AJH diligently fails to get to grips with yet more social media.

The Second Footman...

The Second Footman... - Jasper Barry I haven’t read a book like this for what feels like a very long time – set in Belle Époque France, it reads like the 19th century French novels I devoured and adored when I was a confused young man. My literary needs have changed somewhat since then and I might have hesitated if I’d known exactly what I was getting into (specifically that what I was getting into was about eighty gazillion pages long and the first book of a goddam trilogy) but I found The Second Footman nostalgia-inducing and pleasurable and intriguing and hard going all at once.

It evokes time, place and cultural context superbly – although I should confess that my sense of historical authenticity basically stops at noticing if characters check their iPhones or turn on light before electricity was invented. On the other hand, I also suspect that historical authenticity is as much to do with how something feels as anything.

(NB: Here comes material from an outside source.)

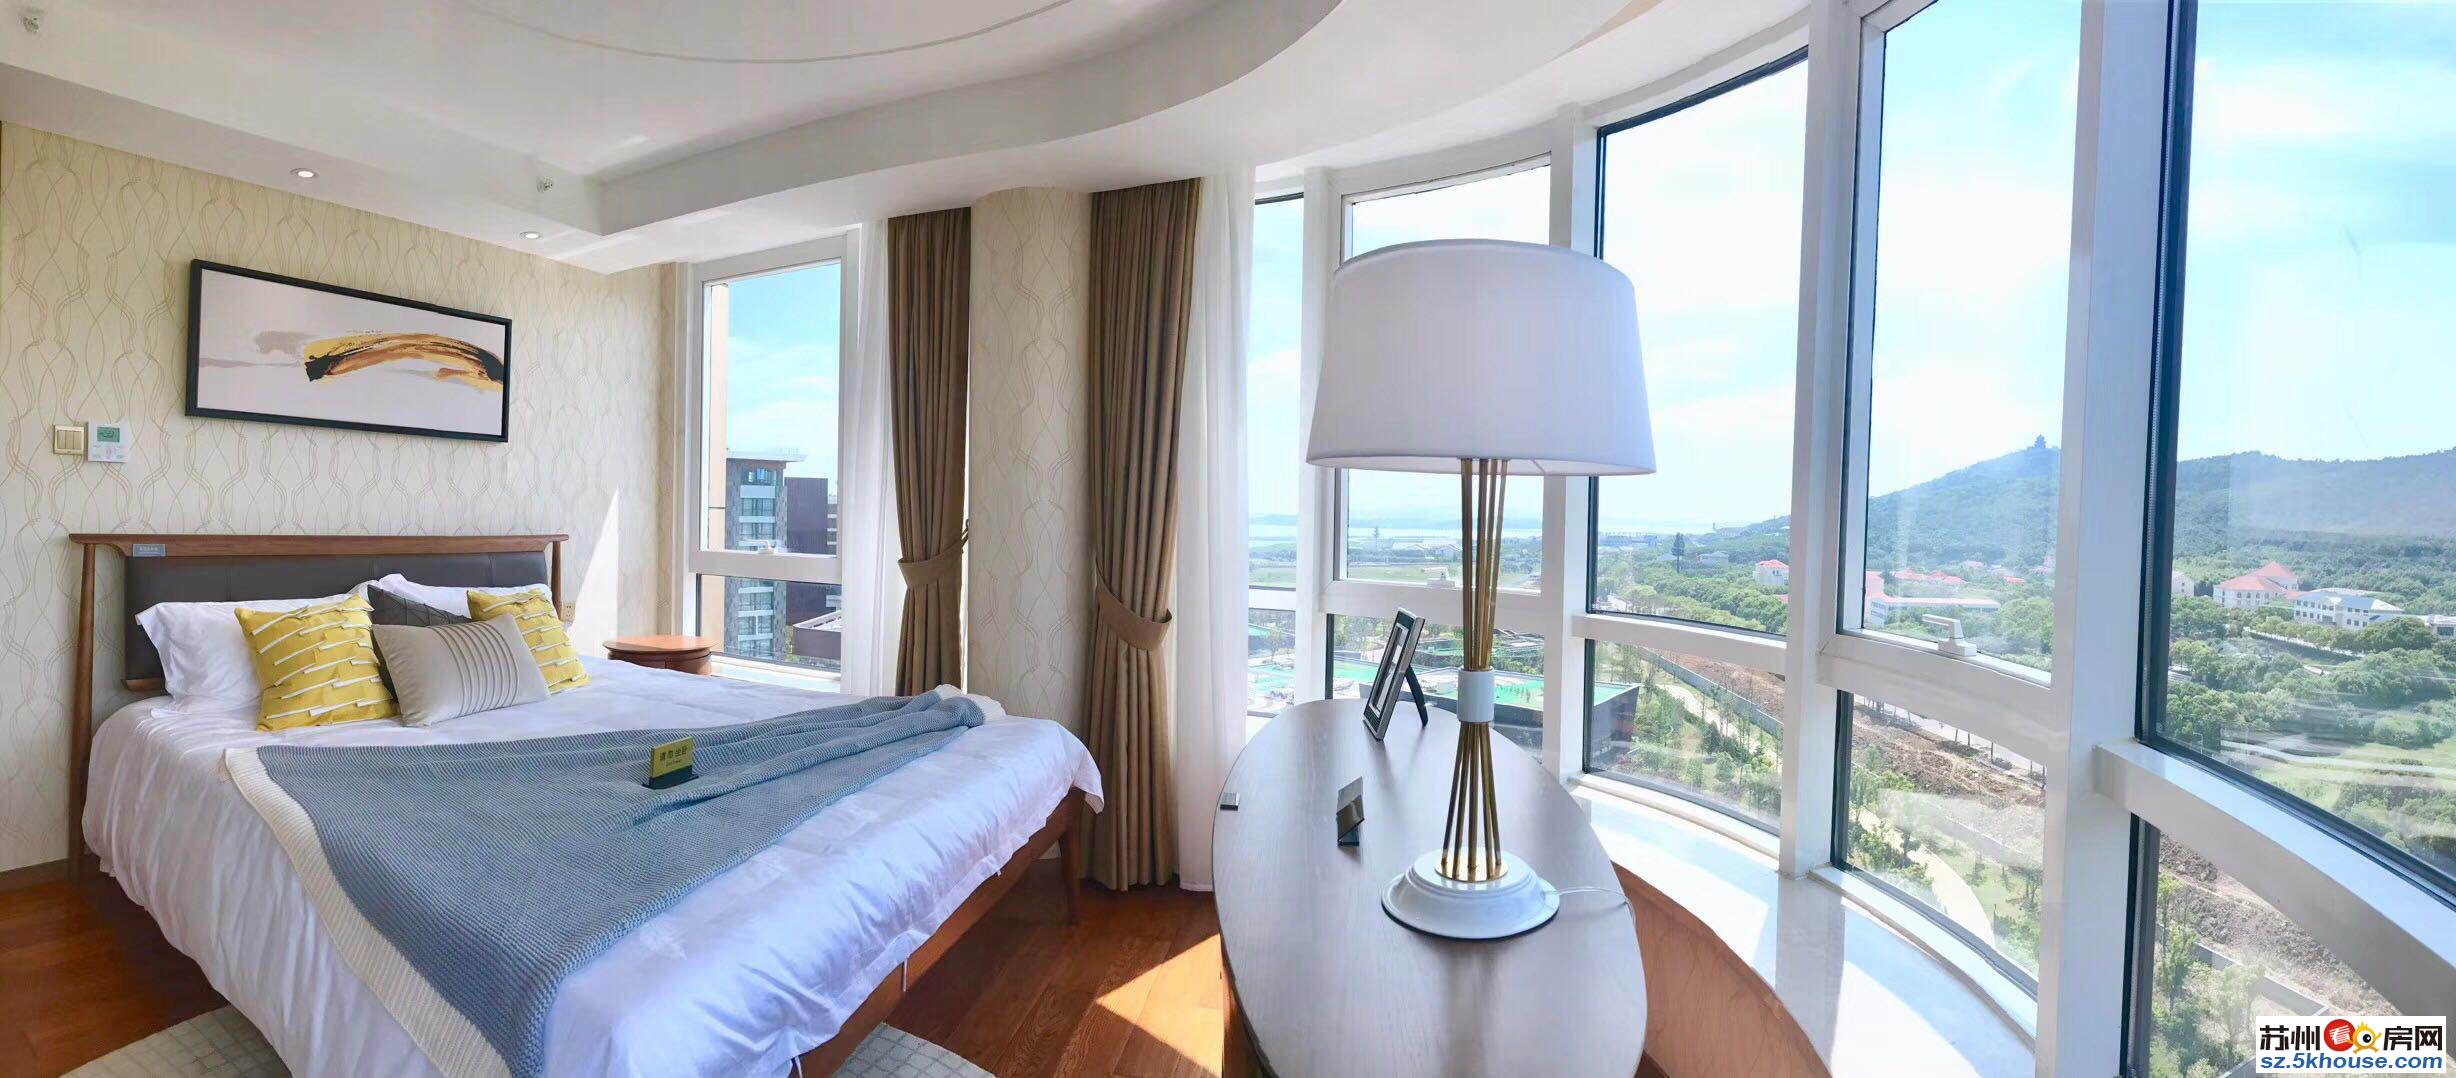 城仕高尔夫太湖 度假区高端酒店式公寓 豪装价格可控 多面积段

Anyway, Max is an ambitious young man with a mysterious past. He manages to first find a position with the duchesse de Claireville, who is known to employ – and sleep with - comely footmen, but when that doesn’t work out for him embarks on an affair with the Marquis de Miremont.

That’s, uh, kind of it. Obviously there’s Themes And Stuff as well, but it’s a slow book, almost a series of intensely detailed character studies, which is simultaneously frustrating and rewarding. Although possibly I’m just shallow. I mean, when I was gripped, I was very gripped, and the intricacy of the character work, the slow reveal of history and motivation, was necessary to show all the subtle ways they affected and influenced each other … but, yeah, sometimes I bogged down. On the other hand, something I found consistently compelling was the generosity afforded to most of the important characters in the text – even the vilest, like Achille de Tarascon are allowed moments that, while they may not redeem them, at least illuminate them.

I also really enjoyed the intersections of the hidden world of servants with the hidden world of same-sex desire, and burgeoning homosexual identity. And, equally, there was something pleasantly normalising in the ‘reality’ of both those worlds – while Armand, the Marquis de Miremont, struggles initially with the morality of his inclinations, Max is an unquestioning, equal opportunities seducer. And the relationship between Max and Armand develops very naturally, both sexually and emotionally. One of the Major Themes TM explores the spaces between truth and falsehood, and constructions of reality, and this - again – filters really effectively through ideas of class, sexuality, and selfhood.

Both Max and Armand are deeply flawed, but recognisable and appealing characters. I liked the way Max’s pride and ambition often pushed him to the point of genuinely immoral behaviour, and the way Armand’s privilege – and instinctive nobility – was both strength and weakness. They spend a lot of time misunderstanding and misreading each other, for quite understandable reason but – honestly - I’ve probably been reading too many romances because I kind of basically spent most of the book wanting those two crazy kids to work it out. So the return of the actual plot, and a reminder of The Themes TM, at literally 99% to completion came as a nasty shock.

The end of the book was, to me, it’s biggest disappointment. After all that slow and careful build, it didn’t actually seem to go anywhere. It wasn’t even a cliff-hanger, just a bald reminder that I’d read eighty gazillion pages, there were Themes and a Plot, thank you, and good night. I pouted. I mean I didn’t necessarily need Max and Armand to run into the sunset, holding hands and giggling, but it was kind of the emotional equivalent of when you think you really need to sneeze, but then you don’t. Also the bit where the book explicitly tells you what the book is about is a bit of a low:

Of course, the old fellow was a throwback, not even to the ancien régime, but to some chivalrous and quite possibly mythical period long before. Whereas he, Max, was the coming man, cool, ruthless, unburdened by God or morality: the future.


Um, yeah, I know. I’ve just read eighty gazillion pages exploring those very ideas so I kind of noticed them.

This said, I did really enjoy The Second Footman. I appreciated the depth and artfulness of it, and the queering, naturally, which just exists as part of the historical, political and personal tapestry. There isn't enough of that in fiction.